This is a little different than how we've done such things before, but how
about a project to get Pig to run on Spark (aka, Spork)? The Twitter pig
folks have some code we'd love to share that got us half-way there, it was
looking pretty promising (if anyone is curious, it's the "spork" branch on
my github fork of pig: https://github.com/dvryaboy/pig )
On Thu, Mar 21, 2013 at 2:05 PM, Prasanth J <[EMAIL PROTECTED]>wrote:
> One more idea for GSoC project.
> YSmart uses correlation between multiple MR jobs to reduce the number of
> MR jobs generated. I remember Dmitriy bringing this up early. The
> techniques specified in this paper (Input, Job Flow, Transit correlations)

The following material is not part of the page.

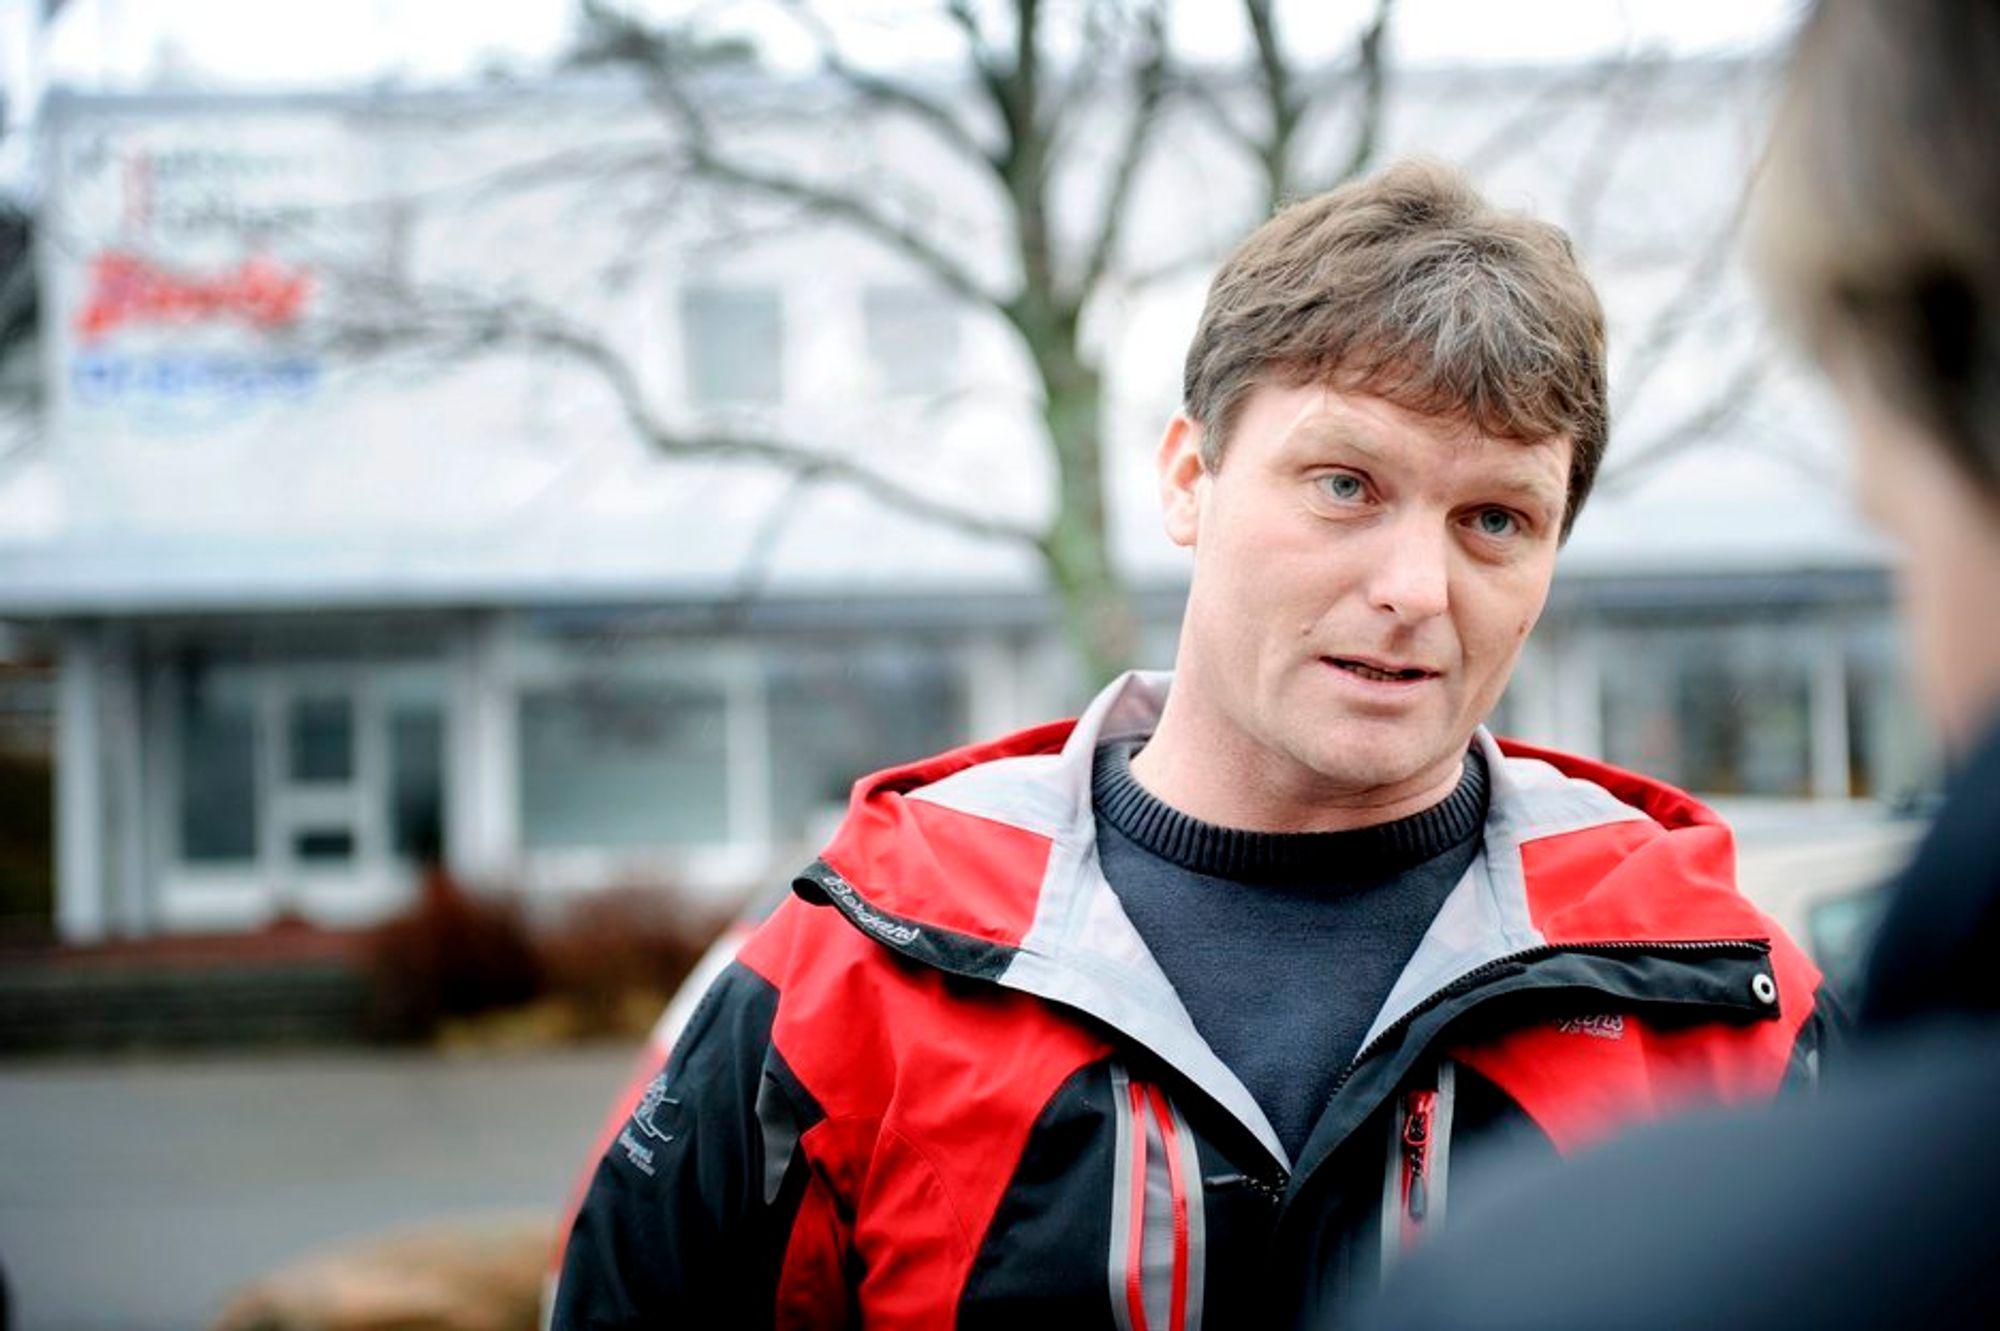 Byggmester Harald Langemyhr skal ifølge en rapport fra PricewaterhouseCoopers (PWC) ha fakturert Oslo kommune for 50.000 falske timer.
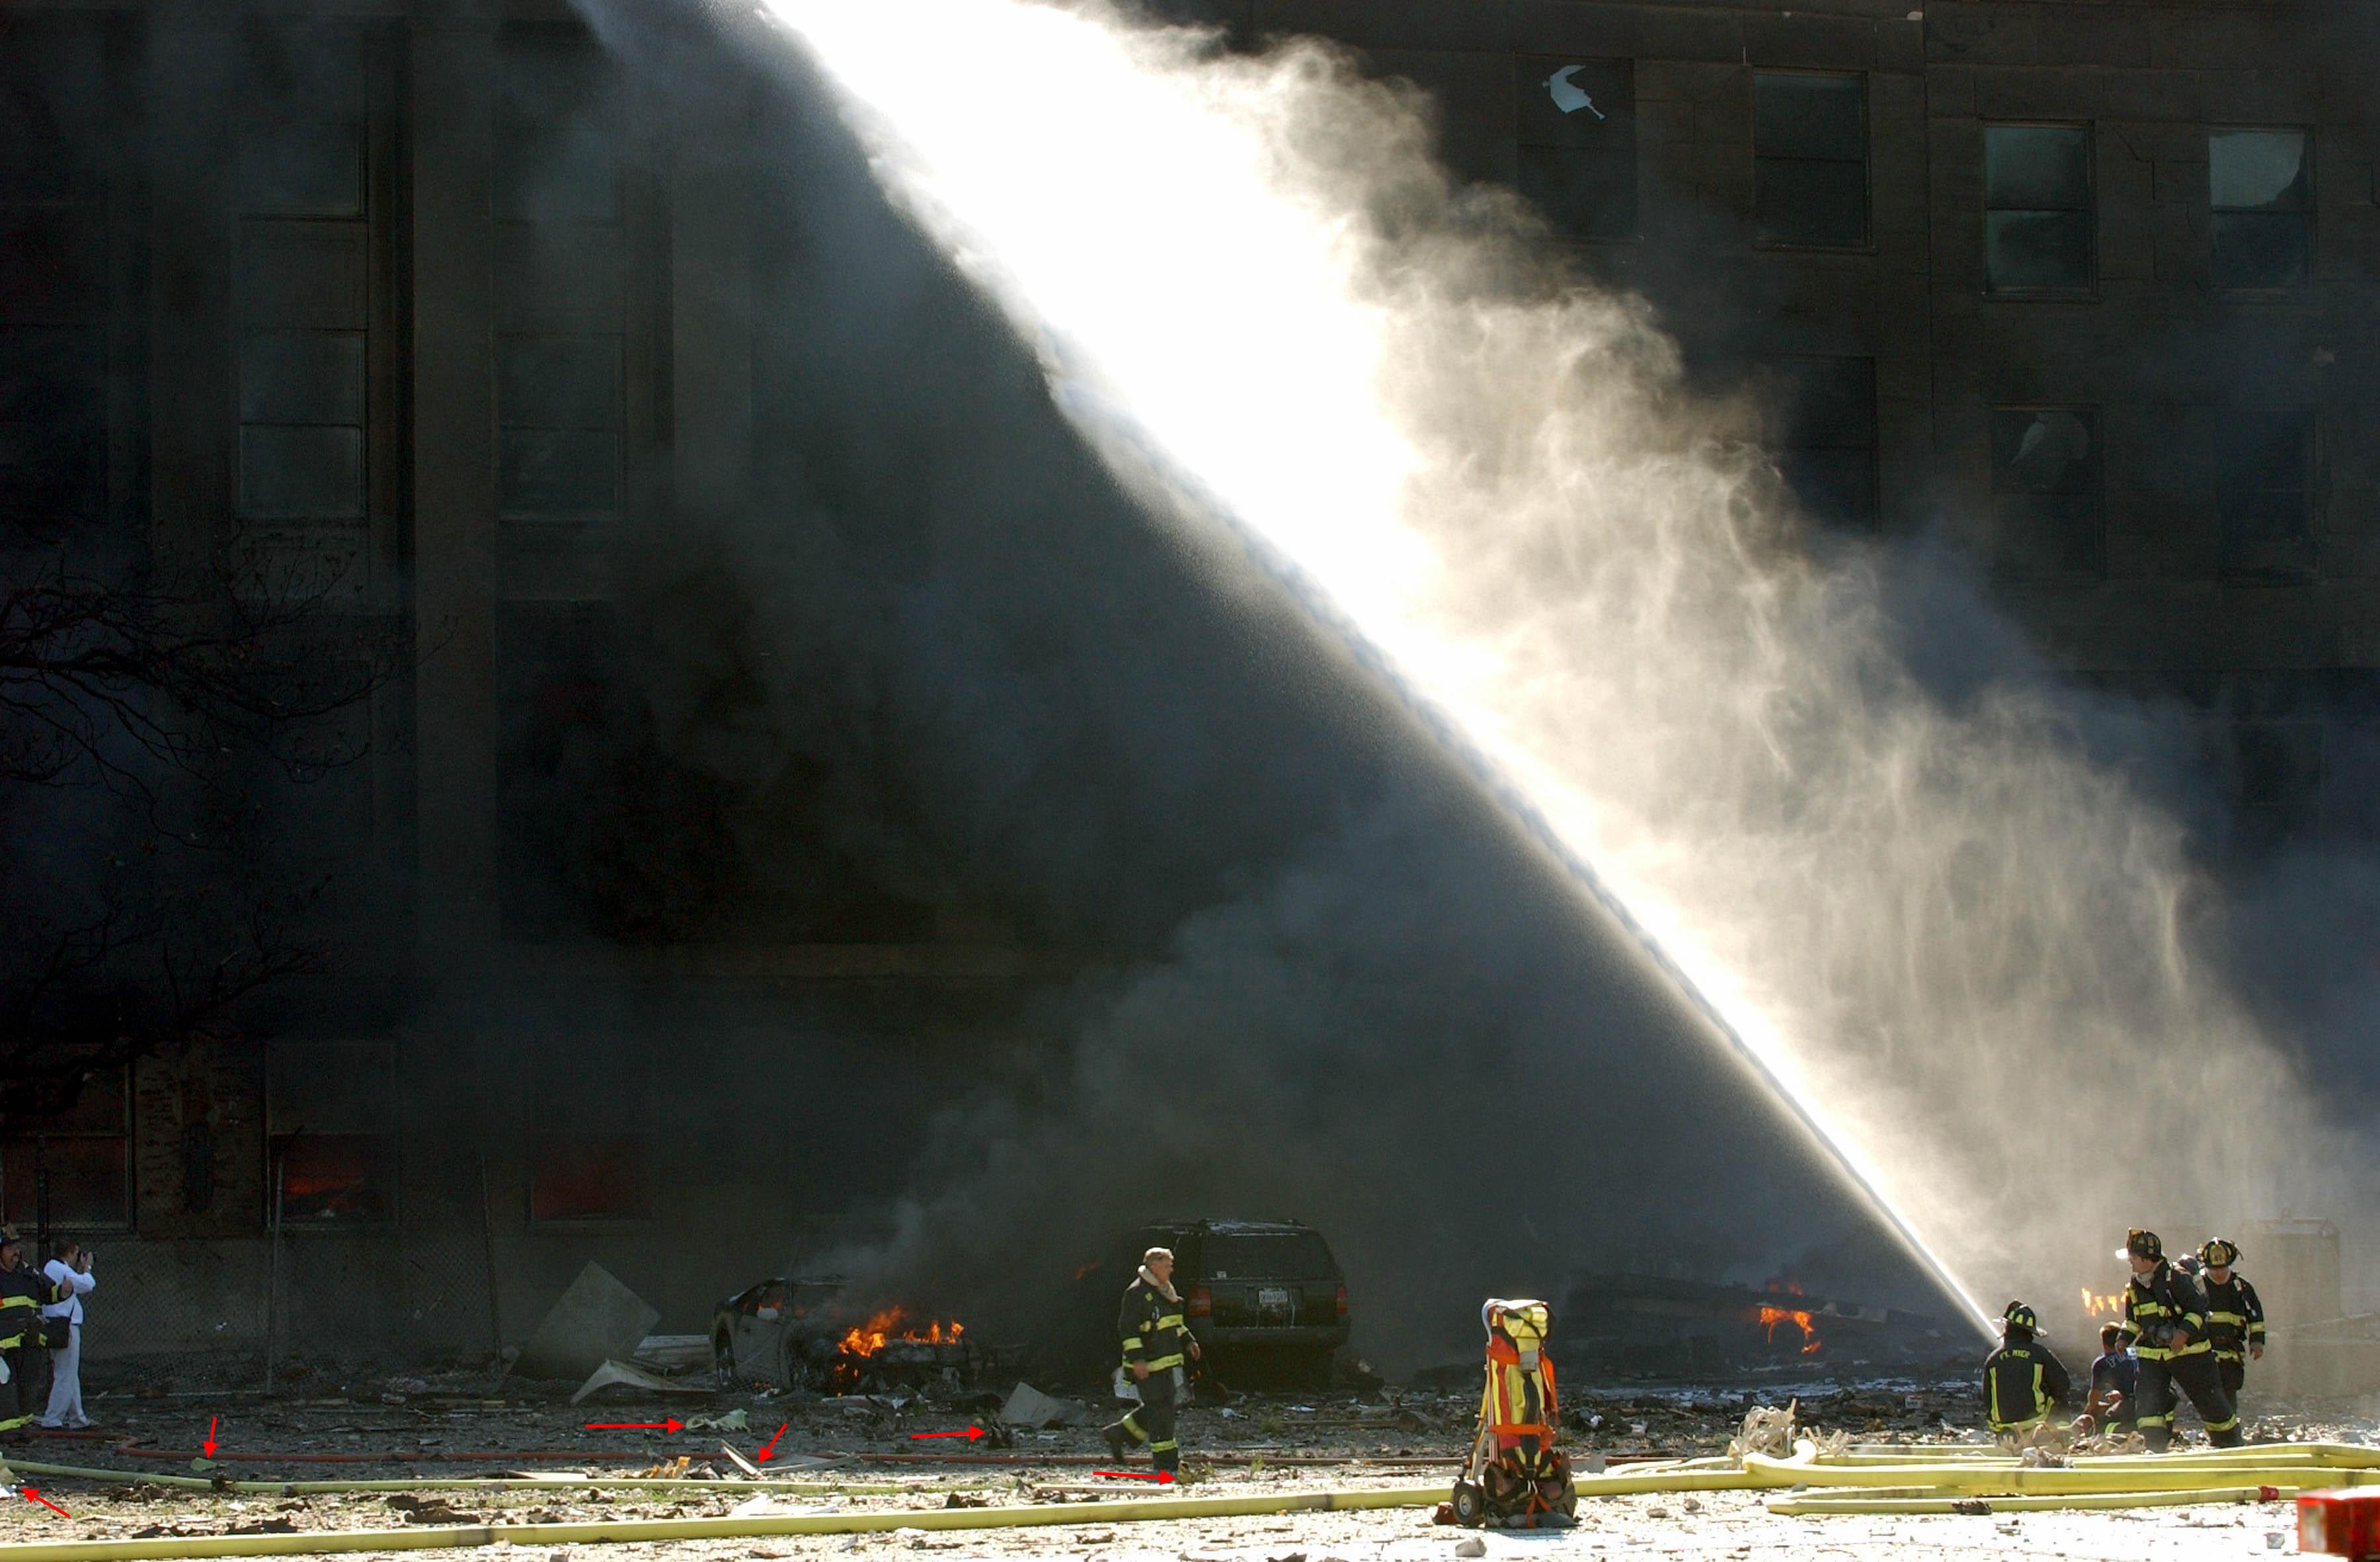 http://fredyz.free.fr/911/debris/morc4.jpg

> has been patched into Hive. If Pig doesn't use these optimizations then I
> think it will be good to have them in Pig as well.
> Here is the link to the paper
> I think this can be a good candidate project for GSoC.
> -- Prasanth
> On Mar 21, 2013, at 3:51 PM, Olga Natkovich <[EMAIL PROTECTED]> wrote:
> > +1 on that
> > ________________________________
> > From: Russell Jurney <[EMAIL PROTECTED]>
> > To: "[EMAIL PROTECTED]" <[EMAIL PROTECTED]>
> > Sent: Thursday, March 21, 2013 11:54 AM
> > Subject: Re: Put a "Google summer of code 2013" cwiki page
> > Make Grunt use Antlr - high priority one for me. Once Grunt uses Antlr,
> > macros will flourish.
> > On Wed, Mar 20, 2013 at 6:25 PM, Daniel Dai <[EMAIL PROTECTED]>
> >> https://cwiki.apache.org/confluence/display/PIG/GSoc2013
> >> Feel free to add more project which could fit in the timeline of a
> >> student summer project.
> >> I remember there are several projects we discussed in our last meetup:
> >> * Allow Pig use Hive UDFs, Alan, do we have a ticket for that?
> >> * A general framework for Pig performance test, Rohini, do we have a
> >> ticket?
> >> Thanks,
> >> Daniel
> > --
> > Russell Jurney twitter.com/rjurney [EMAIL PROTECTED]